- [Your objective]:
The whole listing, exactly as given: write it out, leaving out each image.

[Dataset extract Boundary: Start]

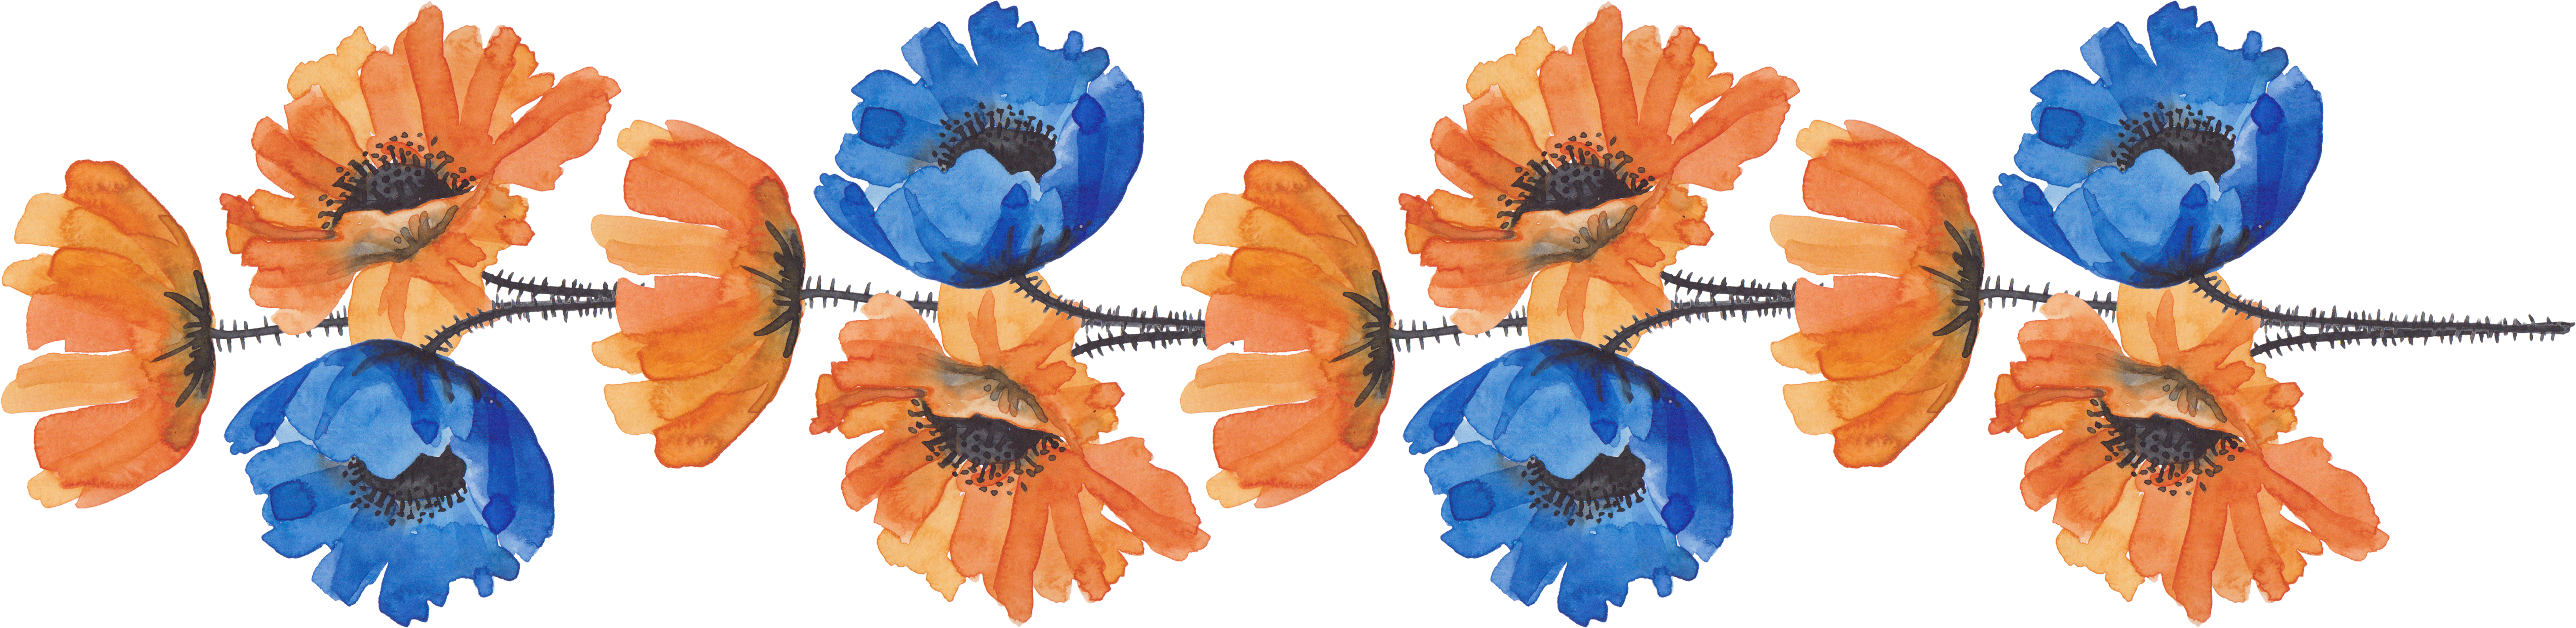 Border Flowers Cut Flowers - Orange And Blue Flower Border (5727x1396)
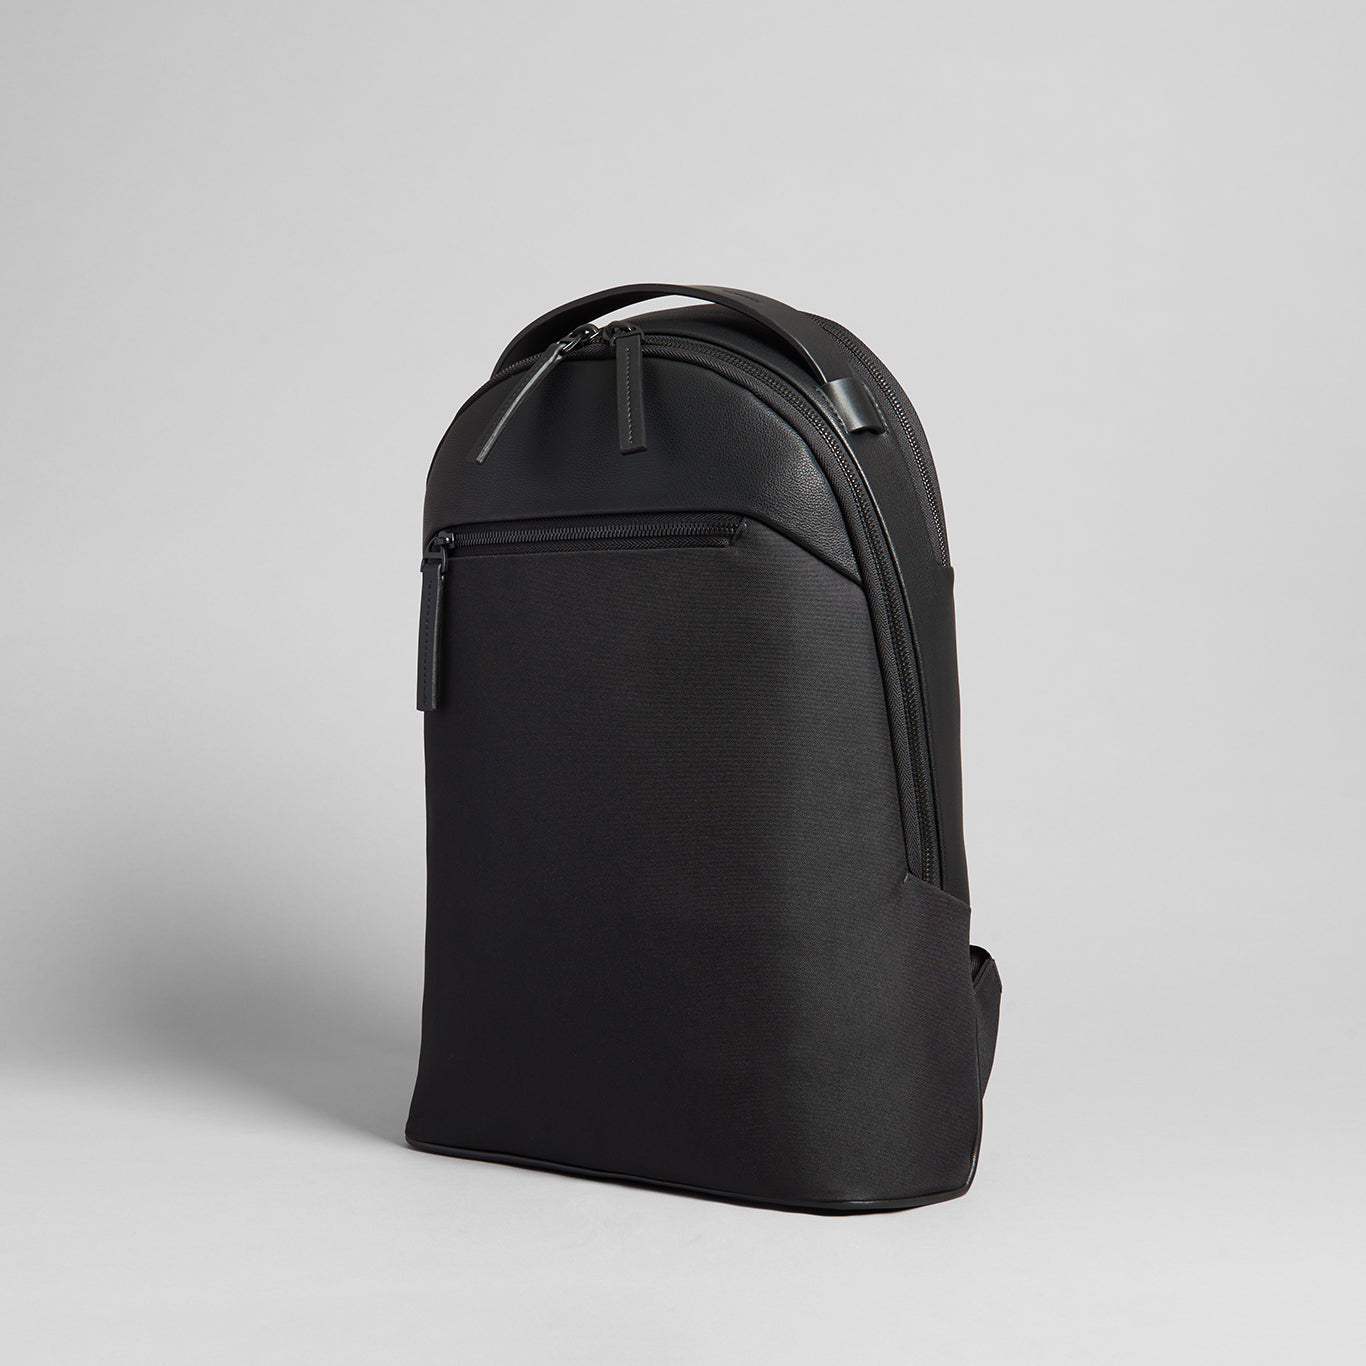 V Shiny Bag - Black Or Red - Luxe Finds UK
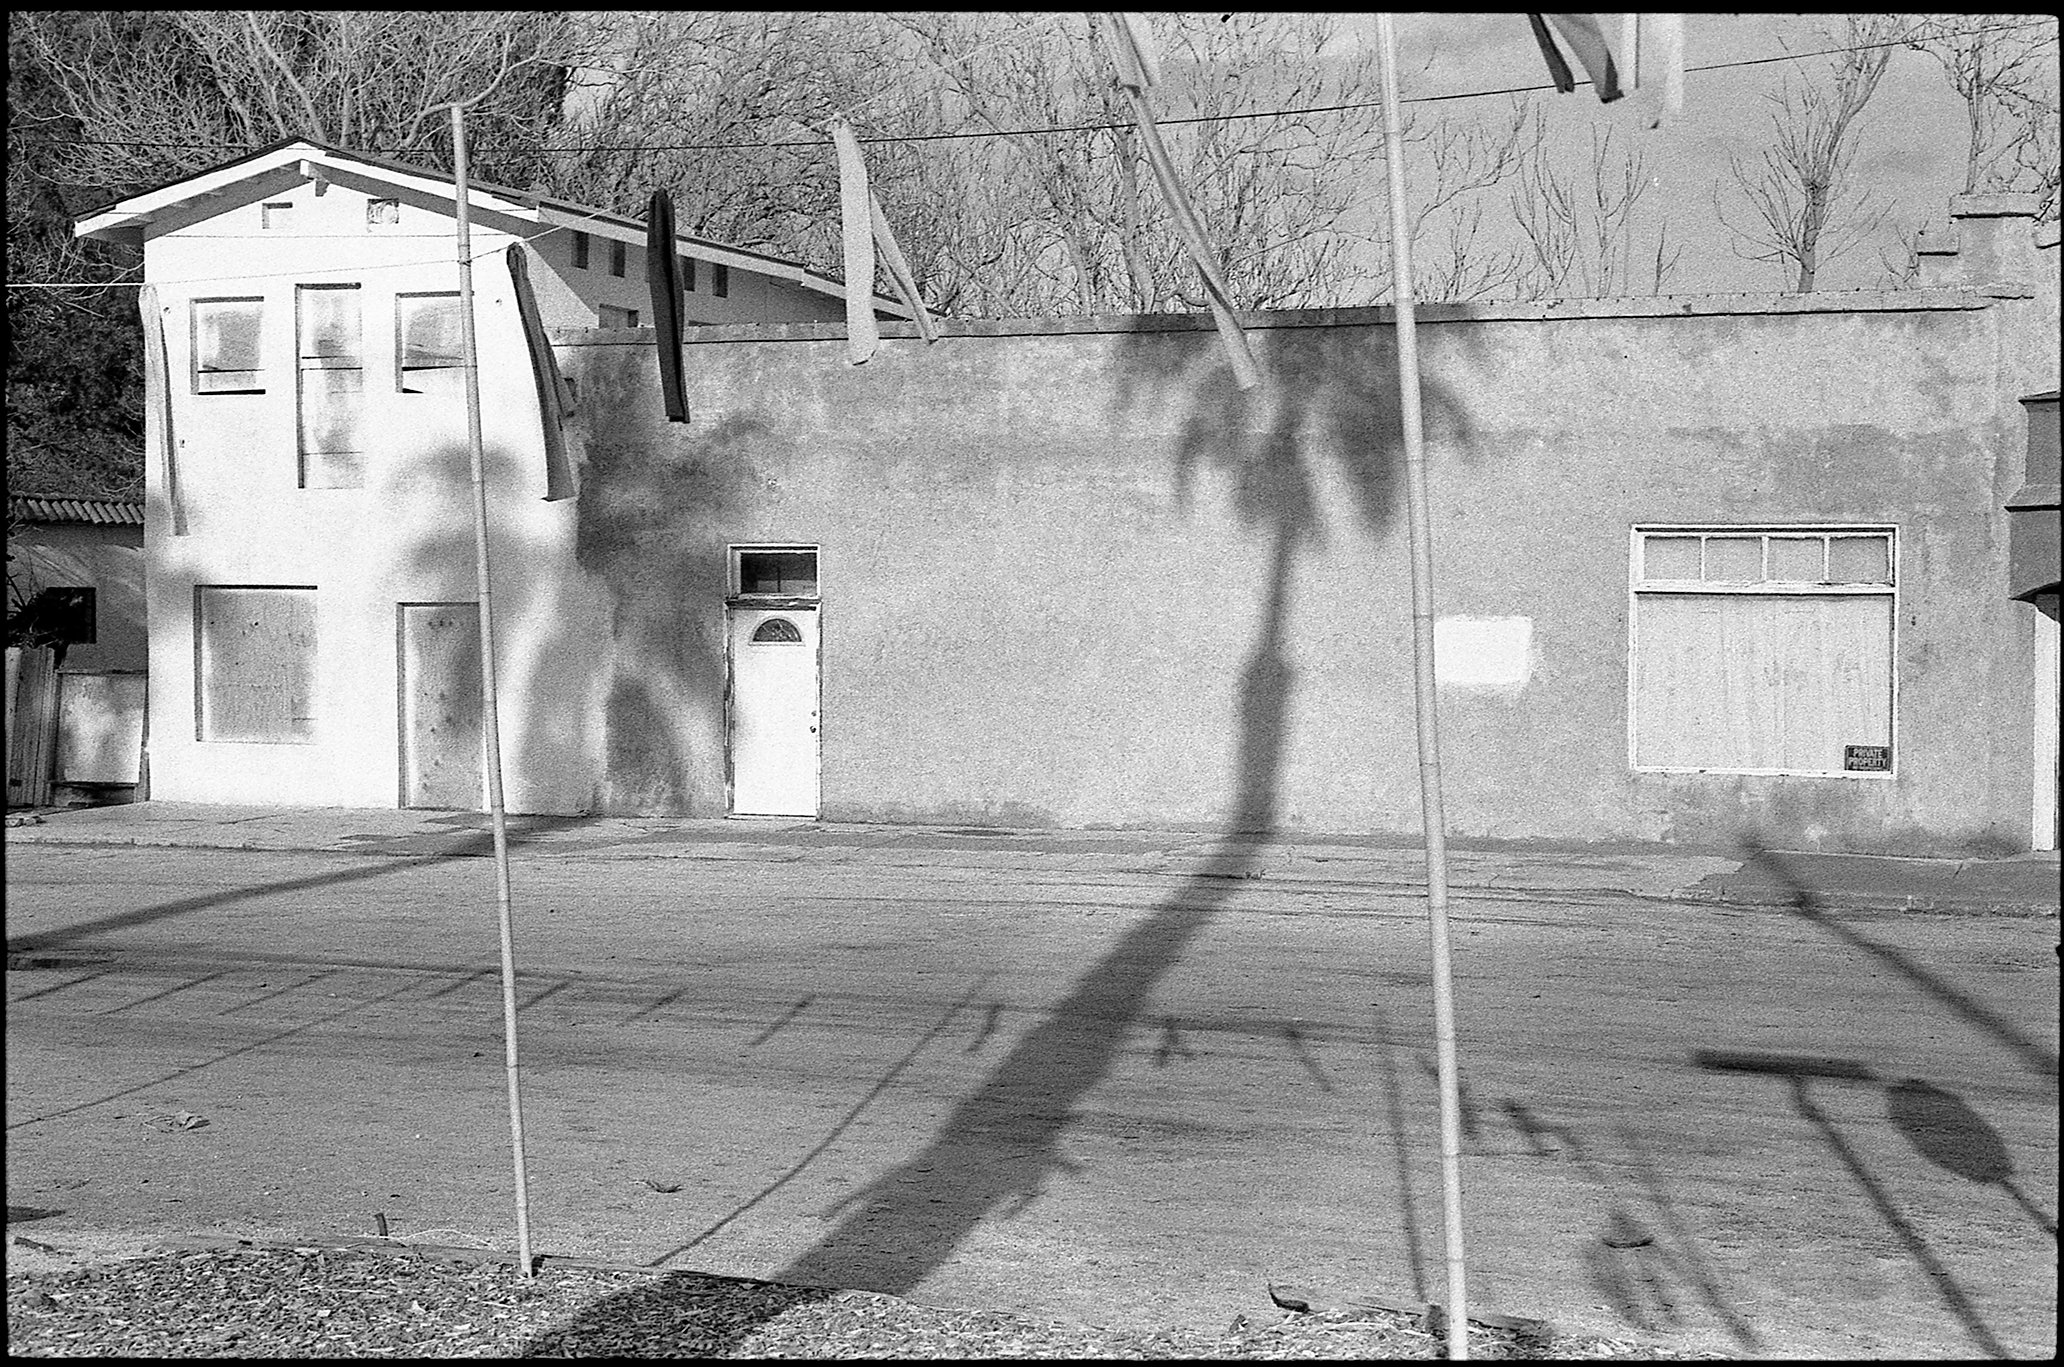 Palm Tree Shadows, Jacumba Hot Springs CA, February 2022
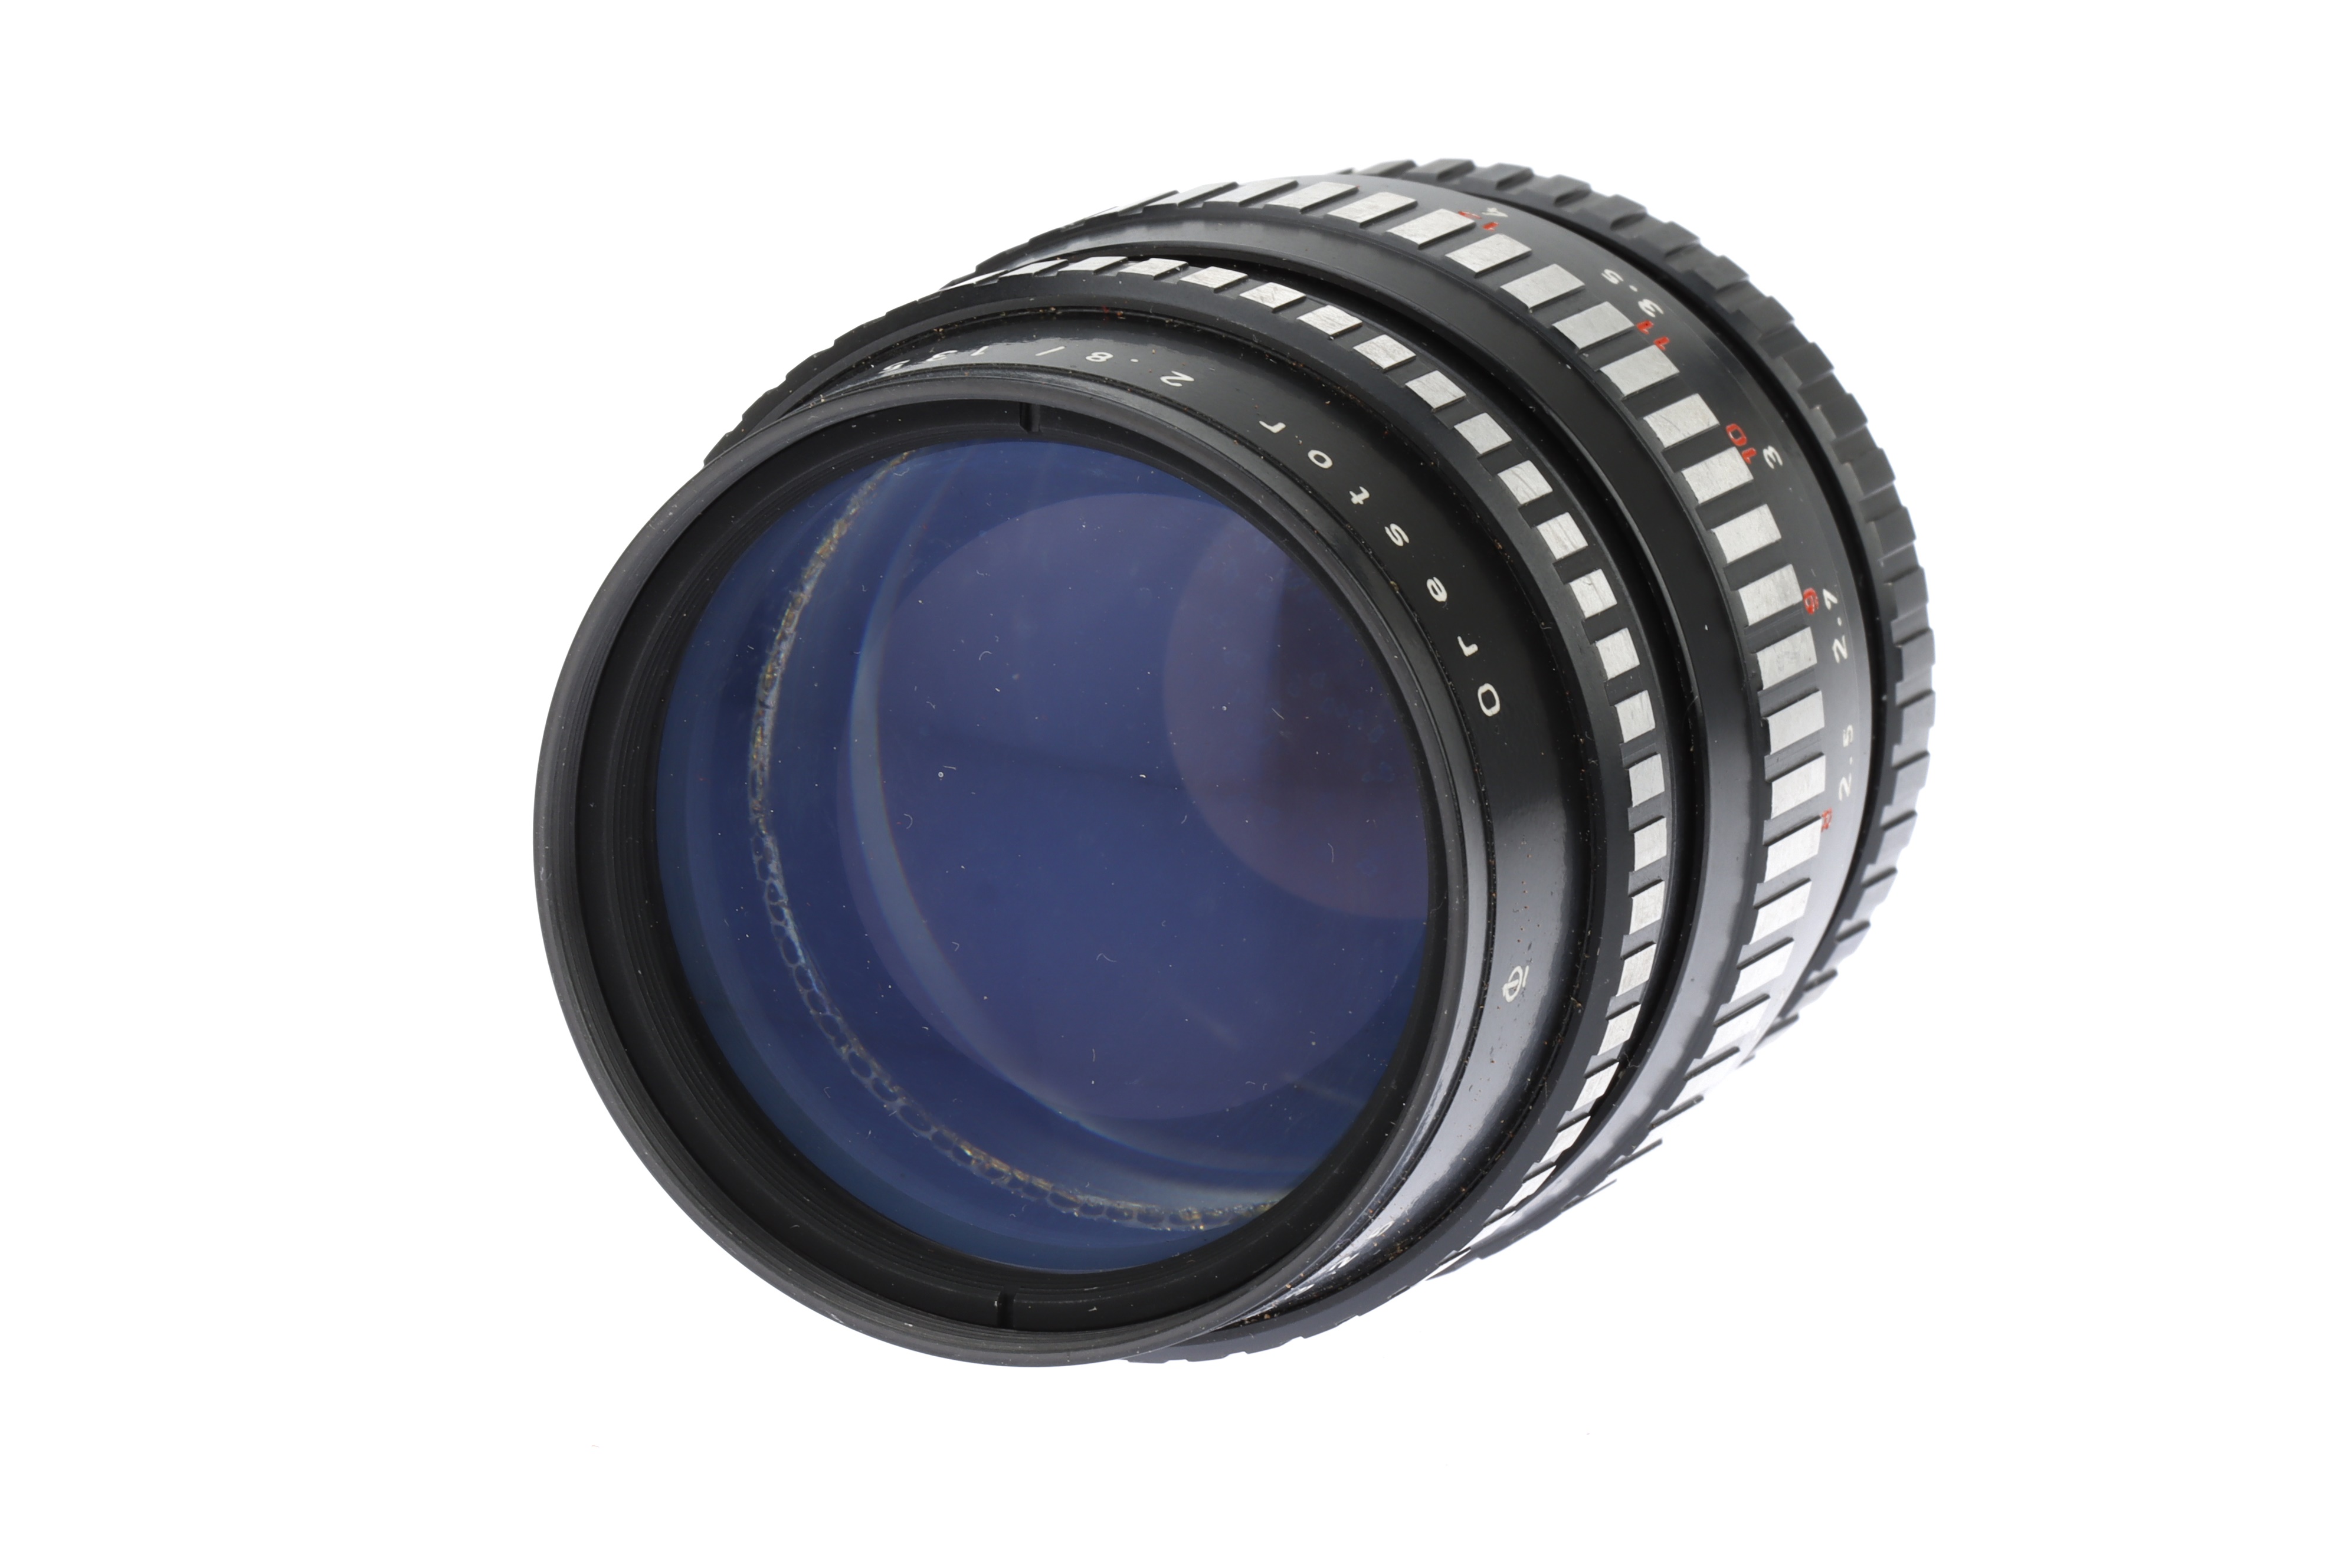 A Meyer-Optik Gorlitz Orestor f/2.8 135mm Preset Lens - Image 2 of 2

[Dataset extract Boundary: End]

- [Reply to the exercise]:
 Border Flowers Cut Flowers - Orange And Blue Flower Border (5727x1396)
 V Shiny Bag - Black Or Red - Luxe Finds UK
 Palm Tree Shadows, Jacumba Hot Springs CA, February 2022
 A Meyer-Optik Gorlitz Orestor f/2.8 135mm Preset Lens - Image 2 of 2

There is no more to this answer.